Make a property required based on other property's value

I'm working on a usecase where I need to enforce a set of object keys based on certain conditions meaning i have an object type with some properties and I want to define a utility type that can conditionally enforce the presence of these properties based on the values of other properties

Here is the type definition:

export type User = {
  id: string;
  name: string;
  email?: string;
  phoneNumber?: string;
  contactPreference: 'email' | 'phone';
};

Now i want to create a type ConditionalRequired which makes sure that

  • if contactPreference is email, then email is required
  • if contactPreference is phone, then phone is required

Example:

// happy flow
const user1: ConditionalRequired<User> = {
  id: '1',
  name: 'foo',
  contactPreference: 'email',
  email: '[email protected]', // here email is required
};

// Here it should cause type error because email is missing
const user2: ConditionalRequired<User> = {
  id: '2',
  name: 'foo2',
  contactPreference: 'email',
};

// Here it should cause type error because phone is missing
const user3: ConditionalRequired<User> = {
  id: '3',
  name: 'foo3',
  contactPreference: 'phone',
};

This is my unsuccessful attempt to achieve this:

type ConditionalRequired<T> = T & {
  [K in keyof T]: T[K] extends 'email' ? { email: string } :
                 T[K] extends 'phone' ? { phoneNumber: string } : {};
};
Solution

  • The use case you're describing would be best served by a union type and not a conditional type.

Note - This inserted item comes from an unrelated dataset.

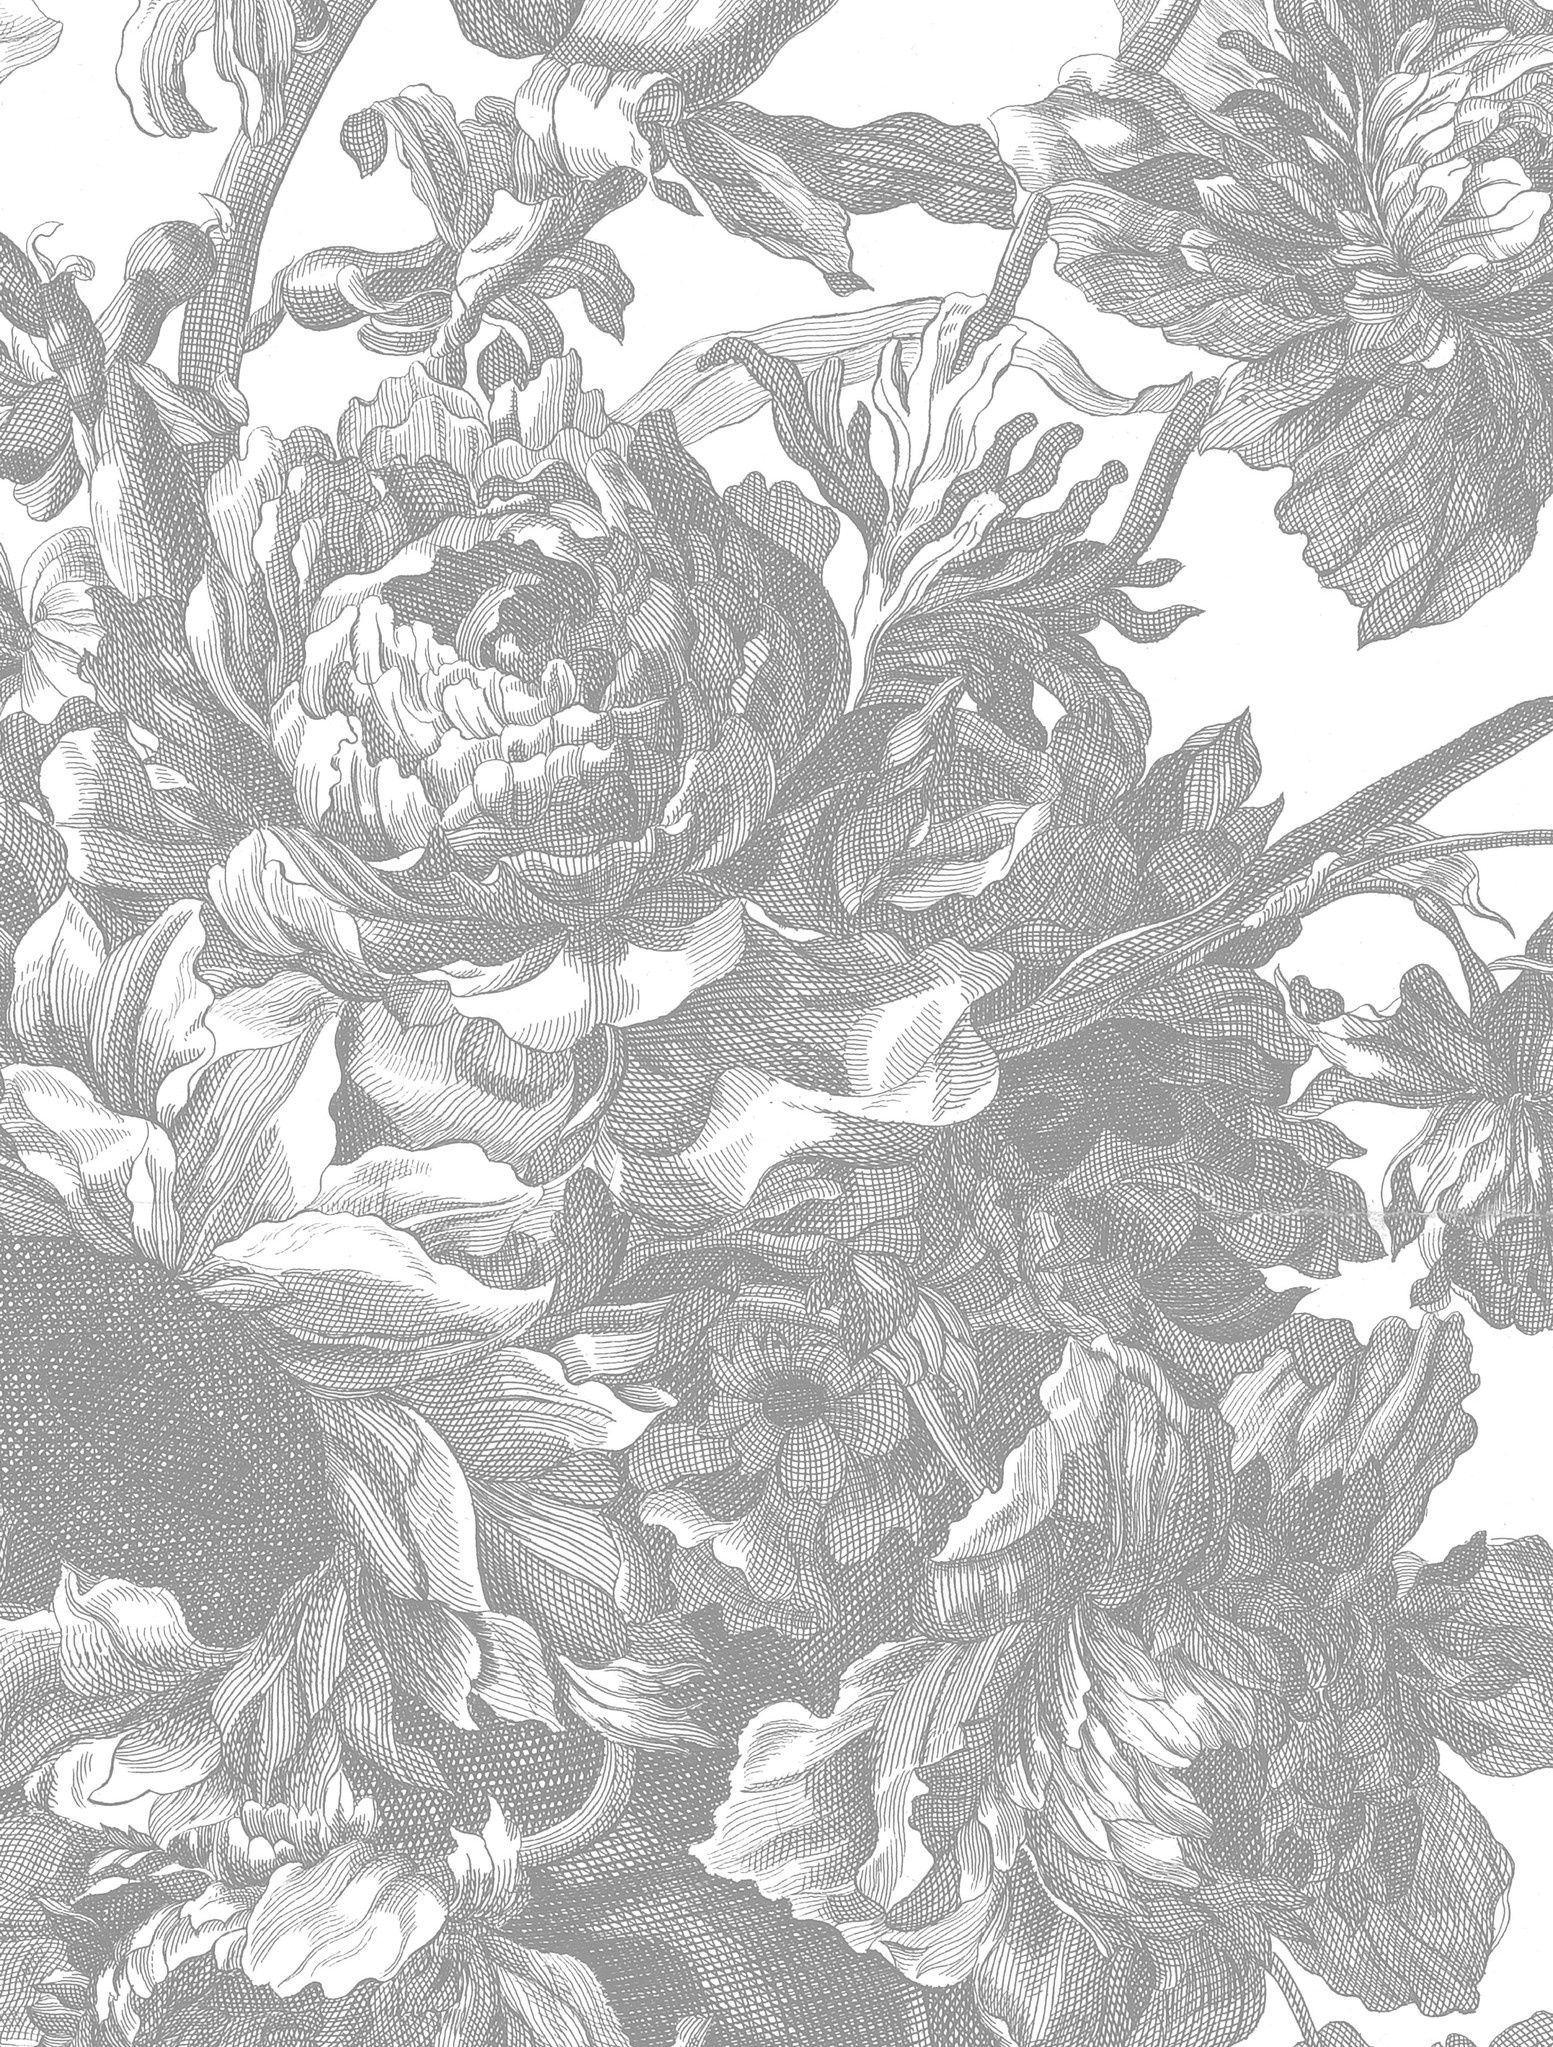 Behang Engraved Flowers 142.5x180cm-4

    You want to say that your user objects should have either an "email" contactPreference and a required email property, or a "phone" contactPreference and a required phoneNumber property. That "either-or" relationship is what unions do.

    In your case, we can represent the two possibilities as their own subtypes of User:

    interface EmailPreferredUser extends User {
  contactPreference: 'email',
  email: string;
}

interface PhonePreferredUser extends User {
  contactPreference: 'phone',
  phoneNumber: string;
}

    And then your desired type is the union of them:

    export type ConditionallyRequiredUser =
  EmailPreferredUser | PhonePreferredUser

    Note that I didn't write a ConditionalRequired<T> utility type, since it's not clear that such a thing is useful. If the implementation needs to know about phone and email then it's not general enough to be reusable. Your example only used ConditionalRequired<User>.

    Okay, let's test it:

    const user1: ConditionallyRequiredUser = {
  id: '1',
  name: 'foo',
  contactPreference: 'email',
  email: '[email protected]', 
}; // okay

const user2: ConditionallyRequiredUser = { // error!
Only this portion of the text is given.